CROI 2012 — Tout le monde vieillit, même les Charter

Le Pr Gilles Pialoux est à la CROI 2012, qui se tient cette année à Seattle, du 5 au 8 mars, et coordonne le E-journal en direct de la CROI 2011 pour La Lettre de l’infectiologue.

> Consulter Le E-journal en direct de la CROI 2012.

Washington State Convention Center, Seattle, 19e Conférence sur les Rétrovirus et les Infections Opportunistes (CROI). Aucun folklore apparent pour le deuxième jour de cette conférence, rendez-vous mondial de la lutte contre le sida côté sciences dures. Ni folklore local, ni pharmaceutique (les laboratoires sont interdits de stand et d’inscription comme tel, mais tous présents) ni communautaire, si l’on excepte une groupe de trans nord-américains qui déambule dans les allés aseptisées du centre de congrès. Le climat est studieux.

Rien ne peut néanmoins nous faire oublier que l’on est aux Etats-Unis. Pas plus les trois allumés isolés qui manifestent devant le centre dans l’indifférence totale au cris de «Stop the IIId world war!» avec la photo d’Obama affublé d’une moustache hitlérienne, que la volontaire, handicapée et obèse, en chaise électronique, qui surveille le port du badge devant l’escalator qui conduit aux salles de sessions ou de plénière. Comme si sa (sur)vie en dépendait.

Pas non plus cet humour à trois dollars dont s’équipent parfois certaines communications orales. S’agissant de la CROI 2012, le maitre jeu de mot tournait autour du mot «ART», ces traitements antirétroviraux que l’on appelle plus HAART mais ART, sous entendu qu’ils sont tous Highly Active.

On a donc eu droit à l’appellation «popART» pour l’essai HPTN 071, essai de Tasp mené en Zambie et en Afrique du Sud, mais aussi à «ART for prevention: the science and the art», et bien-sûr au «State of the ART»… Stop!

Troubles neurocognitifs

Et puis pour ceux qui sont friands d’épistémologie française, dans le sillage de Gaston Bachelard, la session sur les troubles neurocognitifs (Session 23) atteste combien le développement scientifique n’est que récurrence de la pensée…

Pour rappel, lors de la CROI 2009, l’équipe nord-américaine CHARTER —pour CNS HIV Antiretroviral Therapy Effects Research— avait lancé à la face du monde du sida un score dit de Charter, précisément, sensé révolutionner l’approche neurocognitif du VIH

Le groupe CHARTER avait modélisé une classification des molécules antirétrovirales, basée sur une évaluation hiérarchisée prenant en compte leur efficacité clinique sur les atteintes du SNC et/ou virologique dans le LCR, leurs propriétés pharmacologiques (quotient inhibiteur dans le LCR) et en dernier lieu leurs propriétés physico-chimiques en trois, puis, une CROI plus loin, en quatre, niveaux de pénétration des antirétroviraux dans le compartiment cérébral. Mais la réalité multifactorielle des troubles neurocognitifs et l’absence de corrélations satisfaisantes entre ce score et la clinique ont fait, depuis, invalider en grande partie cette classification. A tel point que même Scott Letendre, le père et «VRP» du score de Charter n’en parle plus guère.

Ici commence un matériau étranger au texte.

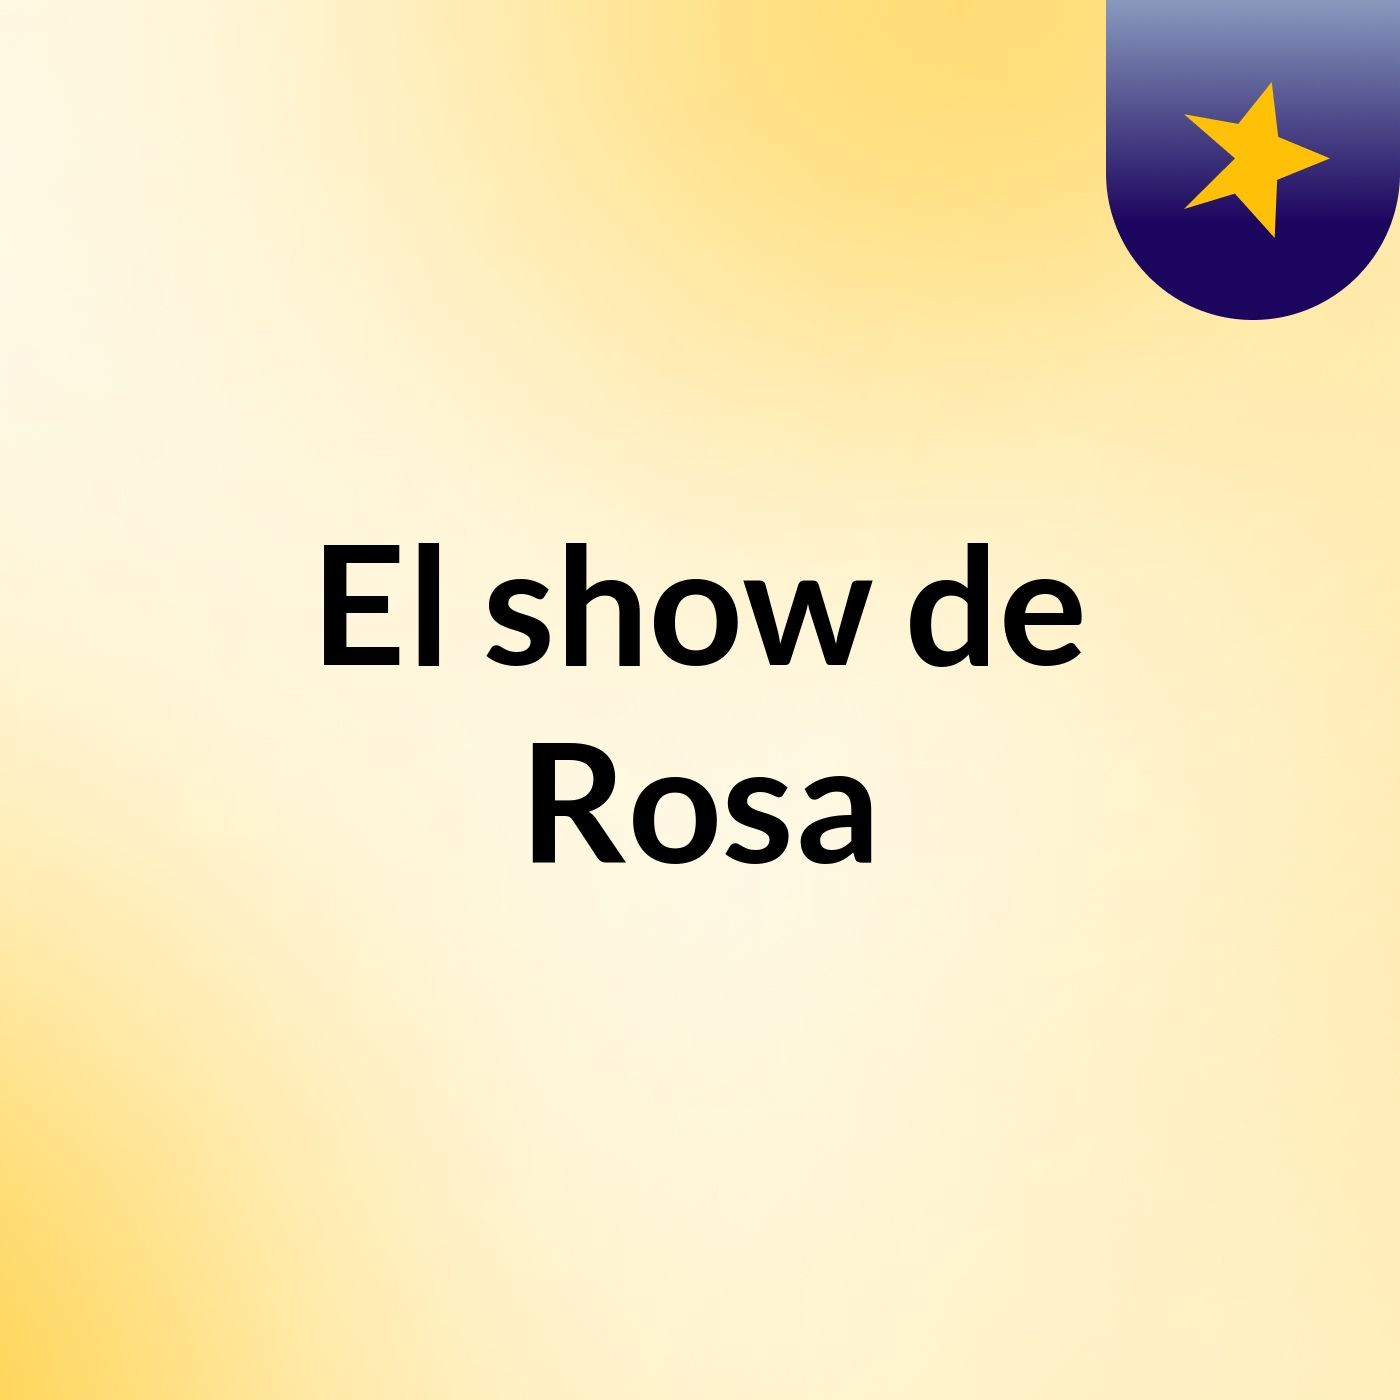 El show de Rosa

En cette CROI 2012, Scott Letendre a fait état d’un nouveau panel de protéines de l’inflammation (SCD14, rTNF, TNF1, CXCL10, CCL2, CXCL2, IL-6, CX3 CL1), dont les taux, adjoint à 4 critères VIH (CD4, Nadir de CD4, CV < 50 et ARV) permettraient de bien… classer les troubles neurocognitifs du VIH.

Parallèlement, la liste des facteurs de déclin neuronal ne cesse de s’allonger: sexe, VHC, nadir de CD4, niveau de CD4, charge virale LCR/plama, troubles métaboliques et cardiovasculaires, usages de drogues, alimentation, insulino-résistance, tabac, alcool, antirétroviraux utilisés, etc. Sans oublier l’âge, de l’infection comme de la personne atteinte.

Le dialogue entre un activiste très américain et lipoatrophique, présent à toutes les CROI pour autant qu’il m’en souvienne, avec Igor Grant du groupe Charter, sur la banalité de trouver des troubles cognitifs dans une population vieillissante et lourdement co-morbide, illustre bien le débat actuel.

Igor Grant qui a commencé la session avec des chiffres alarmants, et contredits par les études récentes, de 30 à 50 % de troubles neurocognitifs dans la population VIH! Bon avec ça, Bachelard était français.